Test de Build or Skip : trouver les produits qui génèrent déjà de l'argent
Dès que vous arrivez sur Build or Skip, à l'adresse buildorskip.dev, le discours vous saute aux yeux avant même que vous ayez le temps de faire défiler la page : cessez de deviner quoi construire et partez de là où l'argent circule déjà. Le site se présente comme un outil de recherche d'opportunités produit destiné aux développeurs indépendants, aux petites équipes de startup et aux propriétaires de sites qui préfèrent valider la demande par des preuves plutôt que de passer trois mois à construire quelque chose que personne ne paiera. Sous ce titre accrocheur se trouve un tableau de bord dynamique rempli de chiffres — signaux de paiement, âge des domaines, scores de domain rating et dynamique mensuelle — que j'ai parcouru en détail pour comprendre exactement ce qui est mesuré et ce qui est simplement déduit.

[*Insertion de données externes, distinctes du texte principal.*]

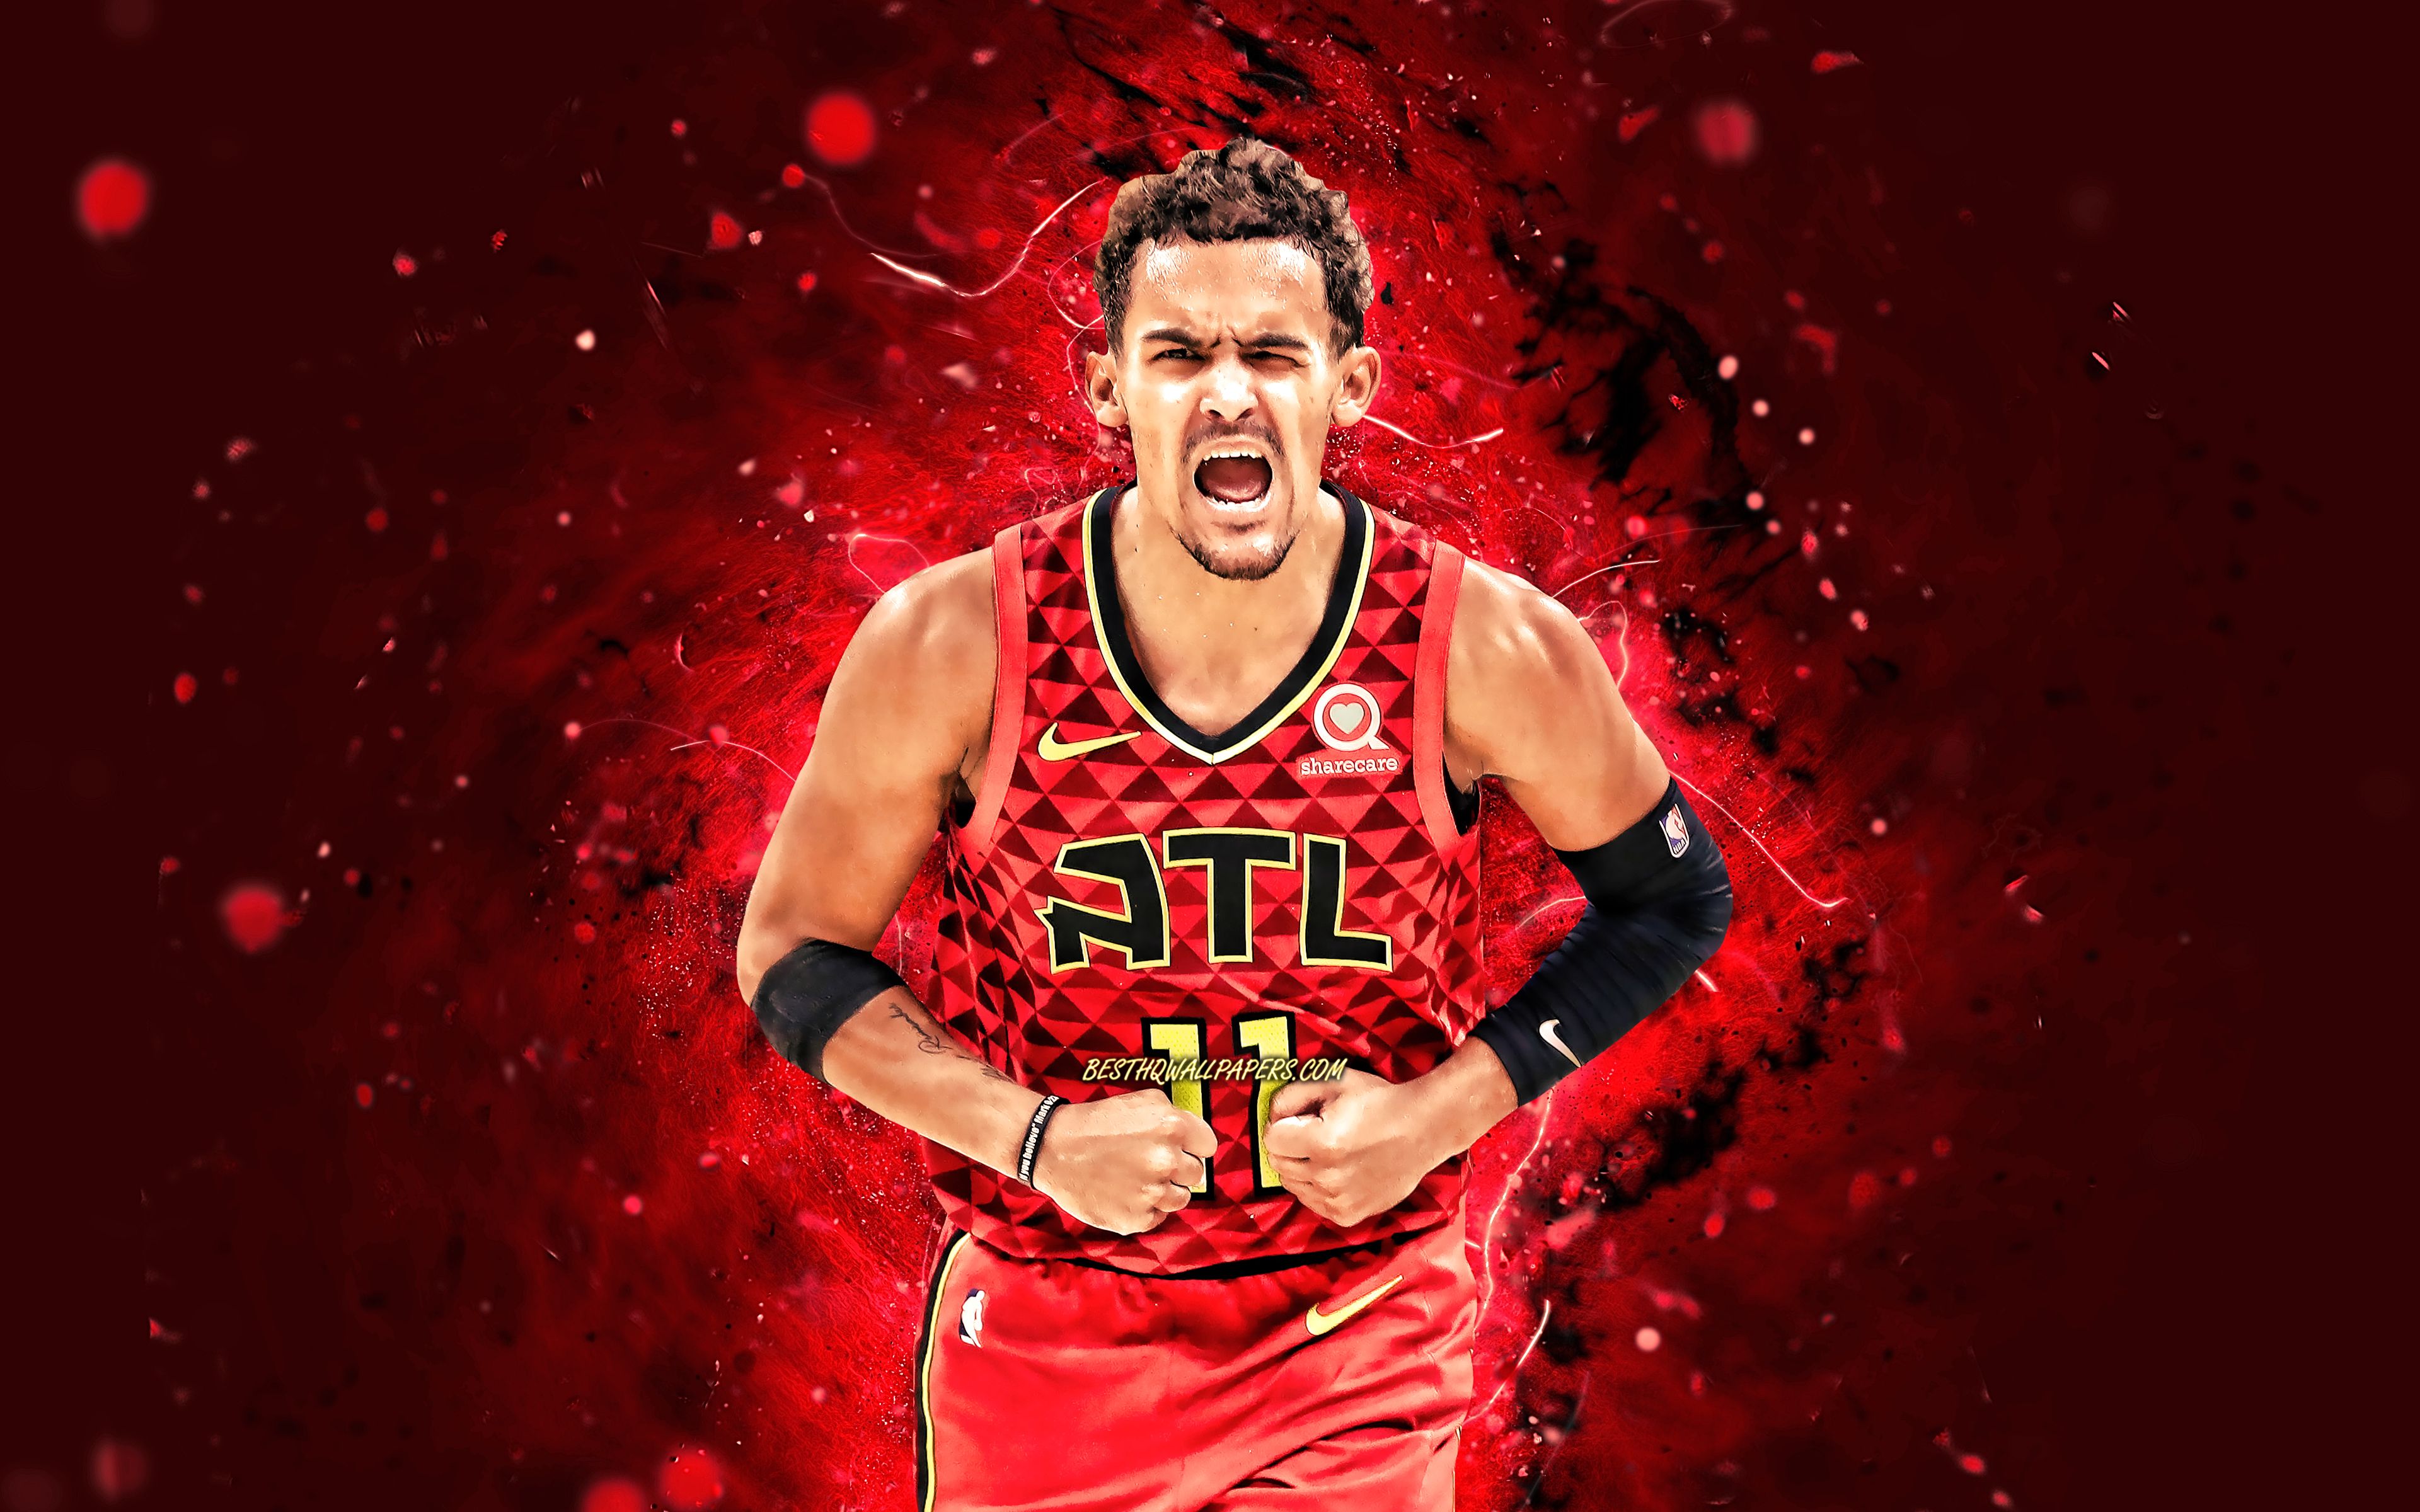 Download wallpaper Trae Young, 4k, Atlanta Hawks, NBA, basketball, red neon lights, Rayford Trae Young, USA, Trae Young Atlanta Hawks, Trae Young 4K for desktop with resolution 3840x2400. High Quality HD

Ce que fait réellement Build or Skip
Build or Skip est une couche de recherche, et non une base de données de produits aux données financières vérifiées. L'entreprise est claire là-dessus : ce qu'elle appelle des signaux de paiement correspond à des estimations de trafic, et non à des commandes, des revenus ou des nombres de clients vérifiés ; quant aux classements de revenus, ils reposent sur un reporting par mois calendaire plutôt que sur des données de paiement en temps réel. Ce que fait la plateforme, c'est rassembler plusieurs jeux de données distincts : des domaines récemment enregistrés qui affichent une activité de paiement, des classements de revenus par produit que vous pouvez filtrer par catégorie, canal de paiement, domain rating et date d'enregistrement, des totaux publics de pourboires Buy Me a Coffee accompagnés de tendances de montants sur six mois, et deux bibliothèques de backlinks sélectionnées. Sur la page d'accueil, les compteurs affichent environ 130 000 sites générateurs de revenus suivis, plus de 6 000 sites d'outils AI, plus de 300 sites Buy Me a Coffee et plus de 200 entrées dans chacune des bibliothèques de backlinks (commentaires et outils AI), le tout mis à jour en continu.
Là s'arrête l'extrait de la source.